“God has made us what we are, and in our union with Christ Jesus he has created us for a life of good deeds, which he has already prepared for us to do.”1
It’s hard for us to believe that the God of the universe concerns himself with the trivia of human lives, like a broken window in a single mom’s kitchen or the faded and peeling paint on the exterior of a widow’s house.
The thought that God doesn’t care about these things makes it easy for us to not care as well. But we’re on dangerous ground if such is the case. The Bible makes it clear that God is in fact interested in such minutiae and that, consequently, we should be too.
It is because God knows such seemingly insignificant things as when a sparrow falls to the ground and how many hairs we have on our head that we are not to worry, Jesus says (Matthew 10:29, 30). God saw to it that the number of fish Peter and the disciples caught following Christ’s resurrection – 153 – god into the Bible. We know that Paul wanted Timothy to bring his coat and his scrolls and parchments and that he wanted Philemon to prepare a guest room for him only because God felt it was important for us to know these details.
The fact of the matter is, God is extremely concrete. He doesn’t like it when we merely espouse an ideal of love. He wants acts, deeds; specifics matter to him.
Take the biblical story of Ruth, for example. There she is, walking along, going out to the barley fields. She is doing a good deed on behalf of a widow named Naomi by gleaning barley in the fields for her. A native of Moab and a widow herself, Ruth has just accompanied her mother-in-law back to Bethlehem. As she walks along to glean in the fields, she has to choose which field to go into.

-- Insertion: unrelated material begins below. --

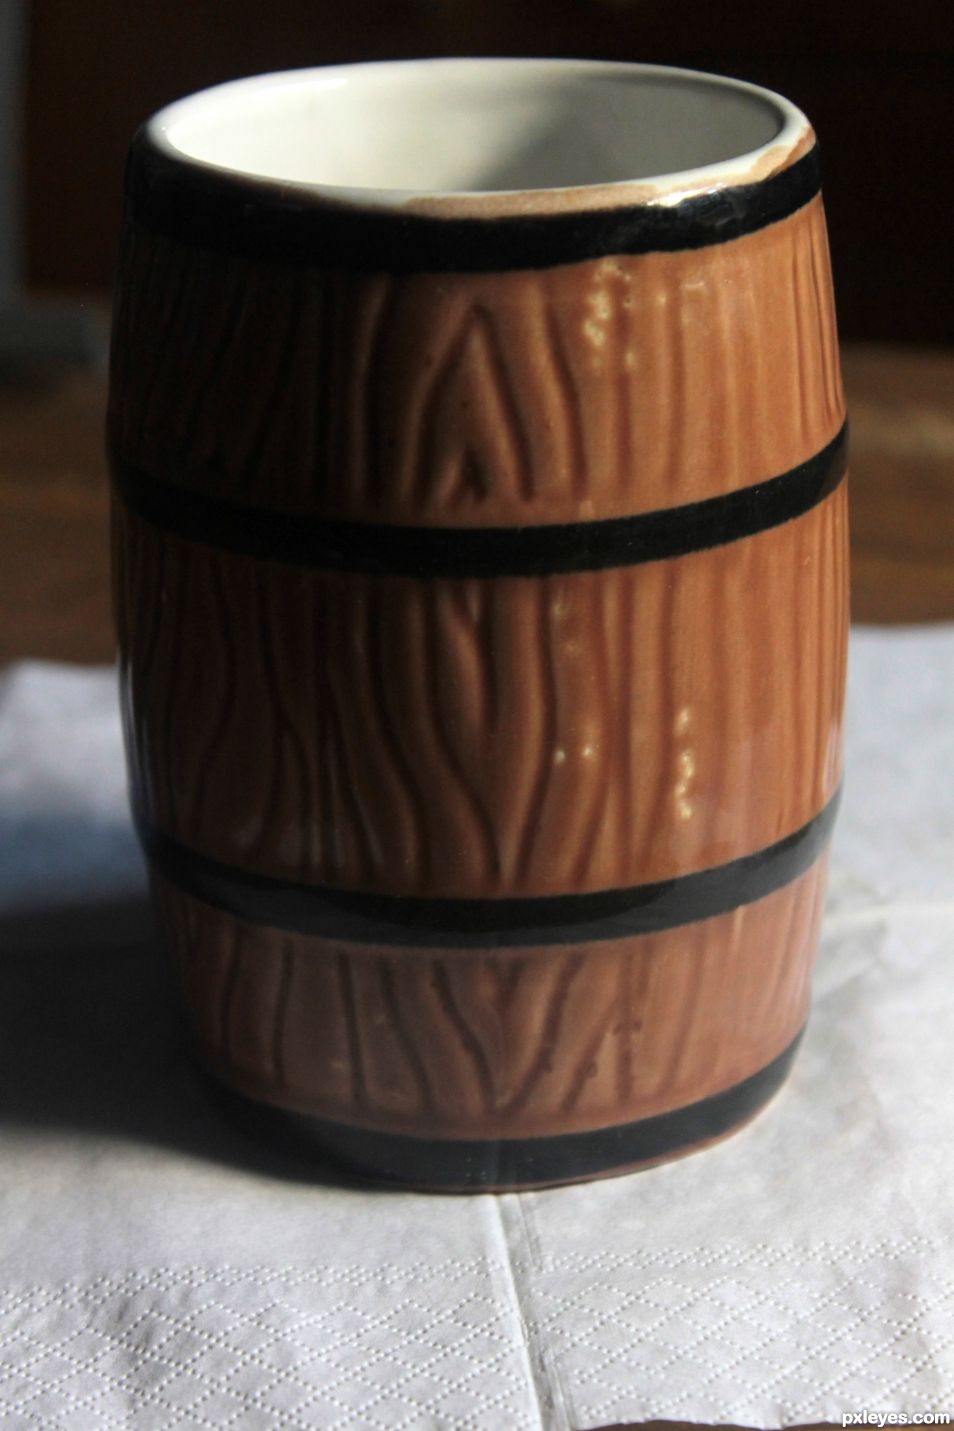 The barrel
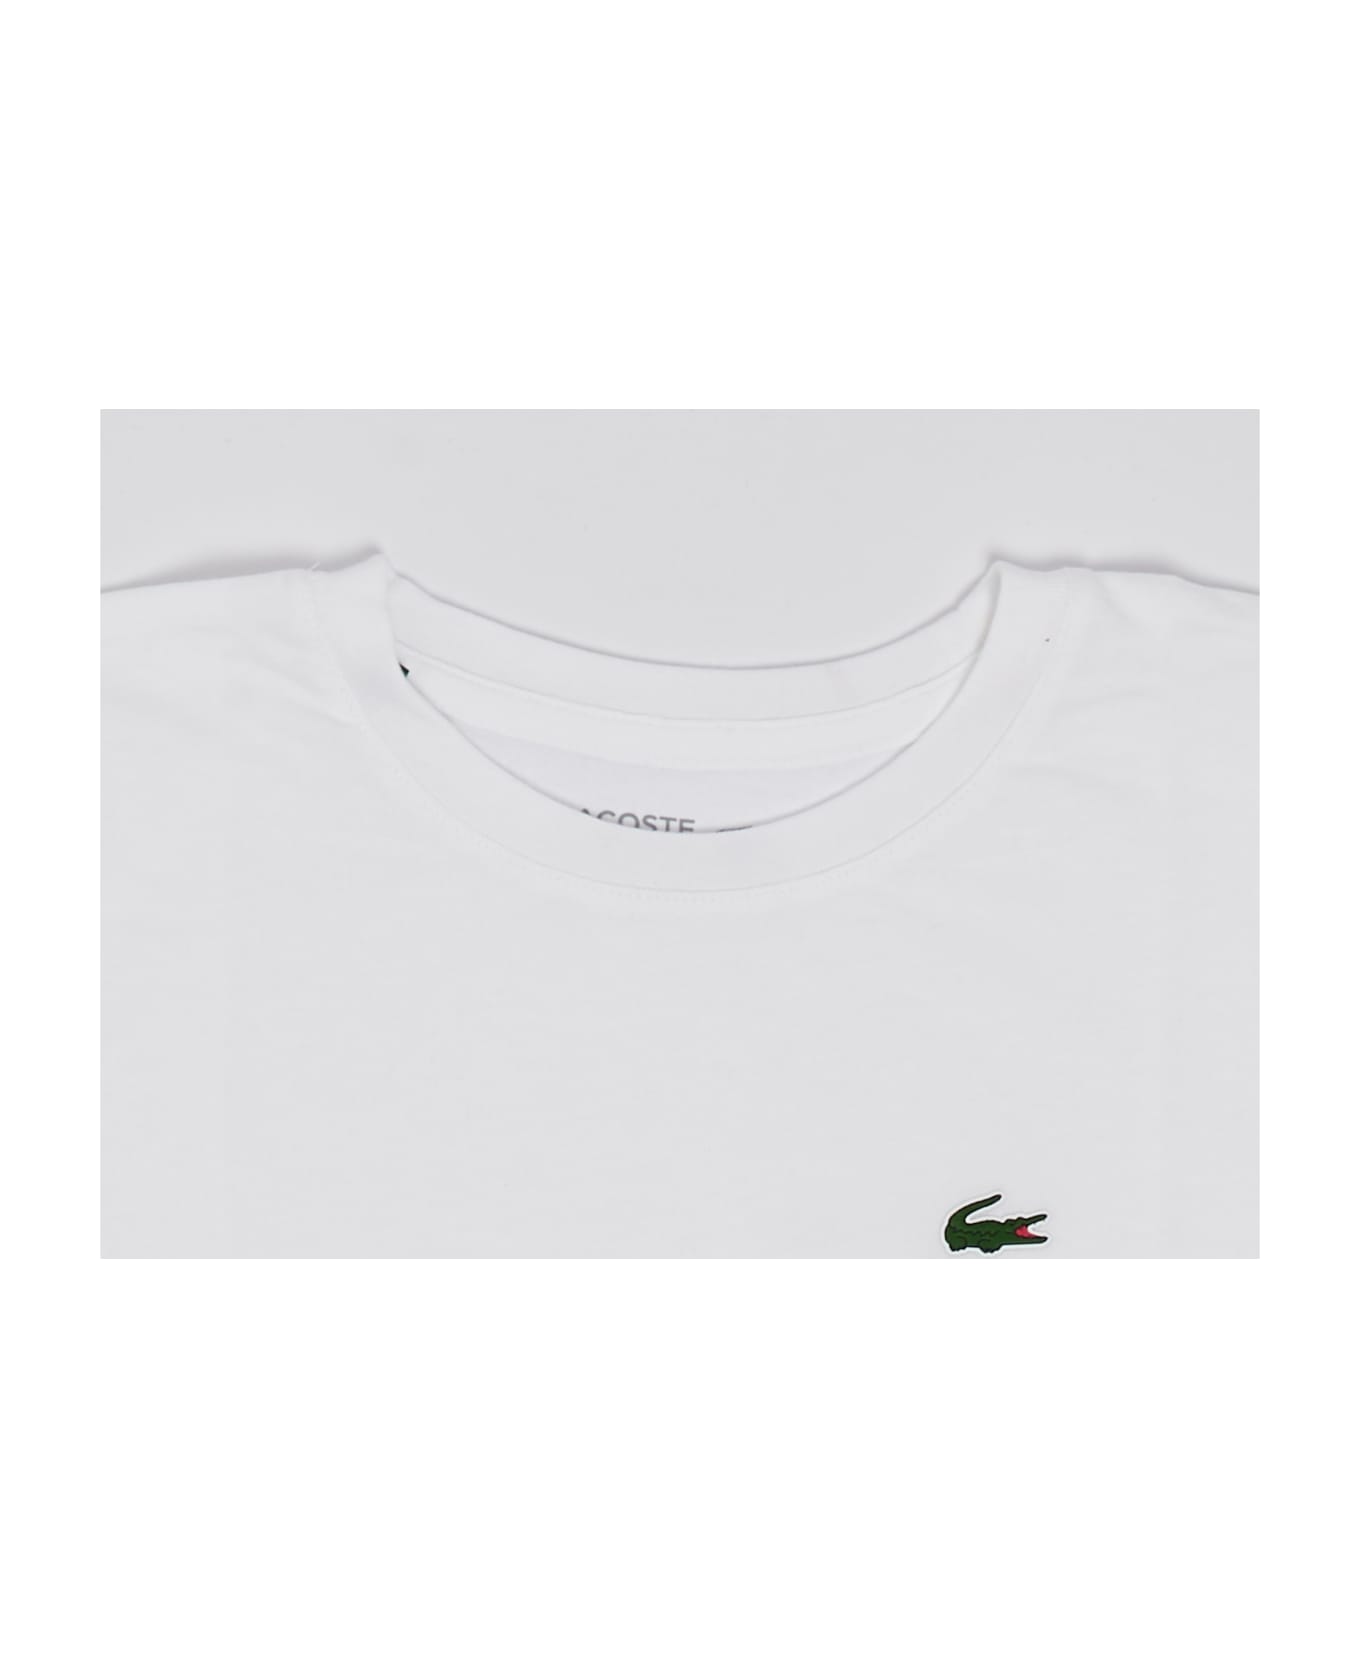 Lacoste T-shirt T-shirt - BIANCO

All history hinges on this decision. If she turns one way, she will remain simply one more poor peasant girl. But if she turns the other way, she will become the matriarch of the line of David and of the messiah. As it turns out, she “happened” to turn into the field of Boaz, the Bible tells us. And the rest is history. Ruth’s simple good deed had eternal consequences because God had “planned it beforehand.”
Your simple, seemingly insignificant acts of kindness and love have the same kind of eternal consequences because God has planned them beforehand as well. That broken window? That faded and peeling paint? They have more significance than you realize.
This post first appeared in Doing Good Well, by Herb Reese, and in NewCommandment.org.